Artificial Intelligence 24 min read

How to Create AI-Generated Videos with Tongyi Wanxiang and DeepSeek: A Step‑by‑Step Guide

This article explains the fundamentals of AI video technology, details the features of Alibaba Cloud's Tongyi Wanxiang platform, demonstrates how to use DeepSeek for script generation, and provides a complete workflow—including code examples—for producing high‑quality AI‑generated videos.

MaGe Linux Operations

Mar 28, 2025

How to Create AI-Generated Videos with Tongyi Wanxiang and DeepSeek: A Step‑by‑Step Guide

Preface

AI large‑model breakthroughs have energized the AI video field, turning what once seemed a daunting barrier into an accessible creative space; short videos have become indispensable in daily life, and this article uses the domestic model Tongyi Wanxiang as a concrete example.

AI Video Overview

What is AI video

AI video refers to the process and results of generating, editing, enhancing, or analyzing video content using artificial intelligence technologies. AI improves production efficiency and expands creative possibilities by leveraging machine learning, computer vision, and natural language processing.

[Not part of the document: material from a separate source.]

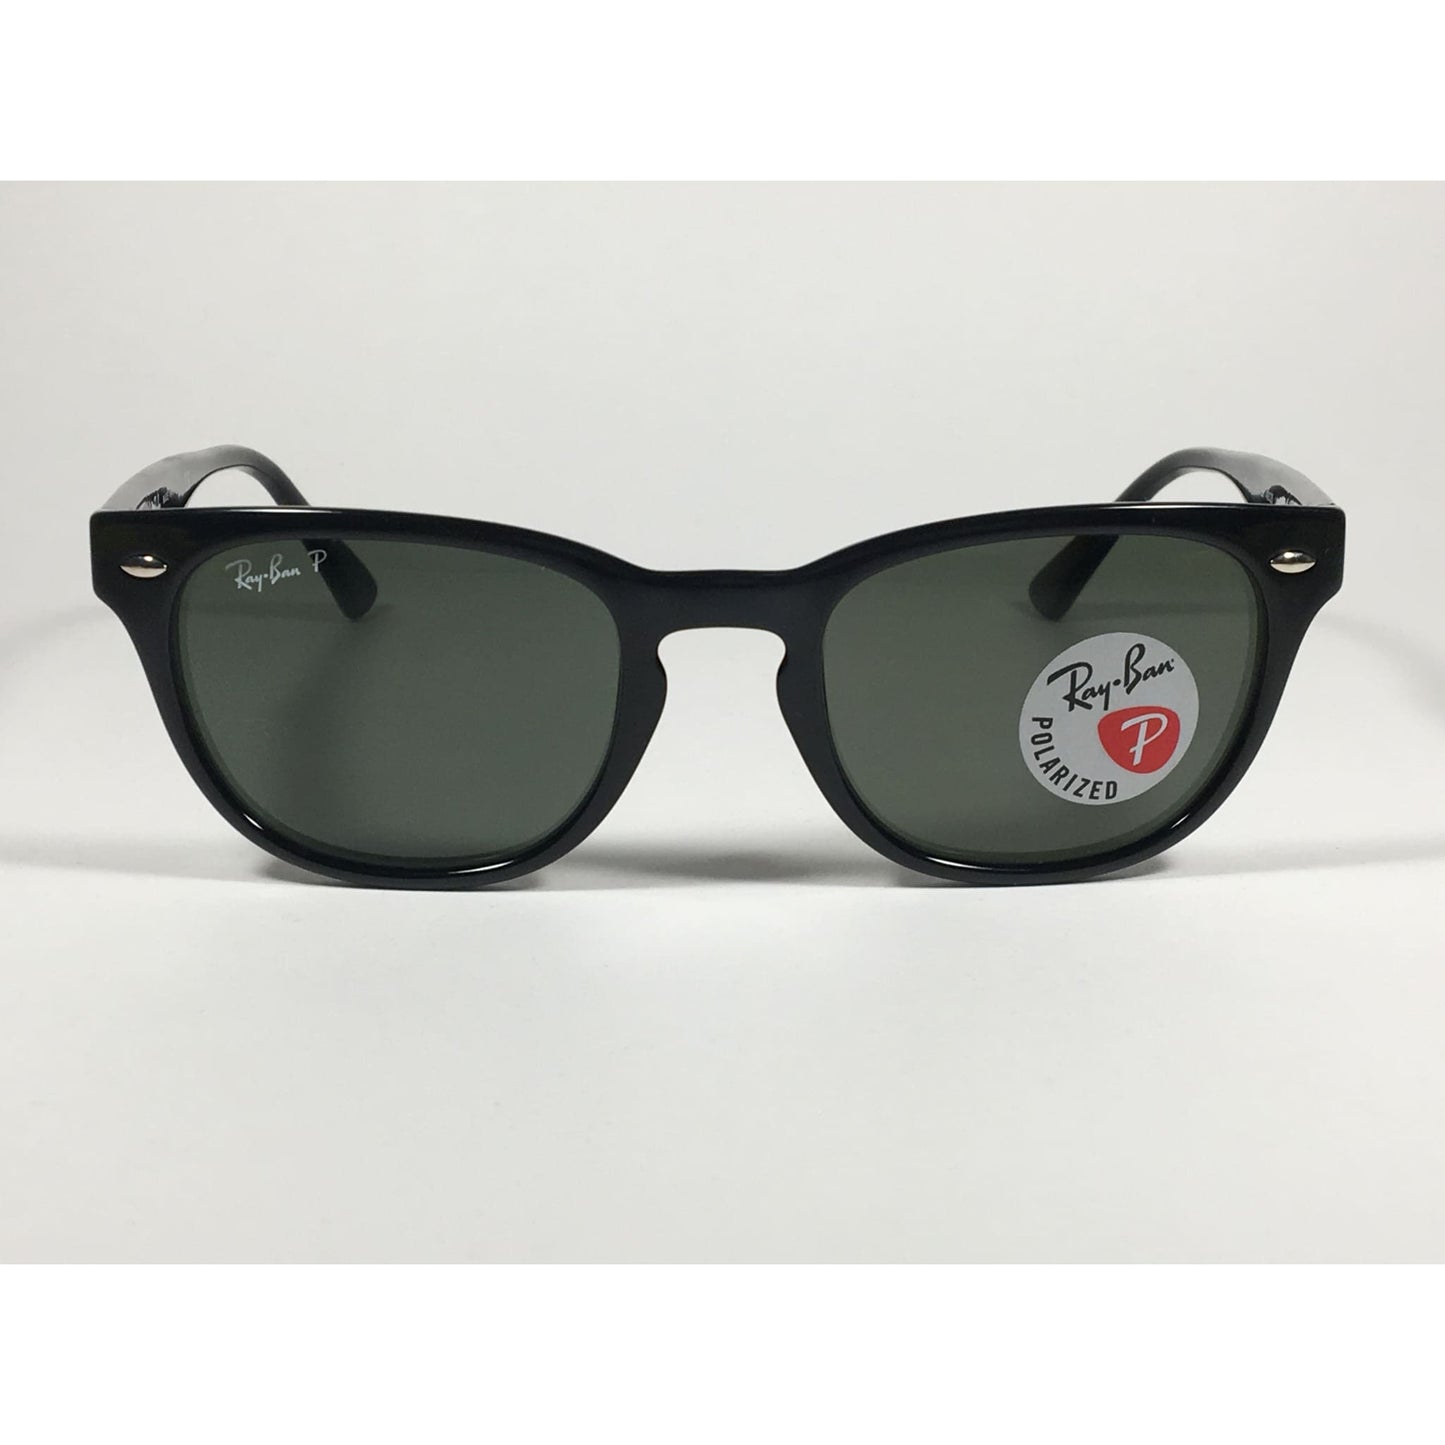 Ray-Ban Polarized Keyhole Wayfarer Sunglasses Black Gloss Frame Green Lens RB4140 601/58 - Sunglasses

Core characteristics of AI video

AI video’s core traits make AI technology in video more efficient, intelligent, and innovative:

Automation

Automatic clipping of video segments.

Automatic subtitle and dubbing generation.

Automatic content recognition and classification.

Intelligence

Object, scene, face, and action recognition.

Emotion tone analysis (e.g., joy, sadness, tension).

Personalized content recommendation based on user preferences.

Efficiency

Rapid generation of high‑quality video content.

Batch processing such as transcoding, compression, and enhancement.

Real‑time stream handling (e.g., live subtitles or effects).

Innovation

Generation of virtual characters or deep‑fake videos.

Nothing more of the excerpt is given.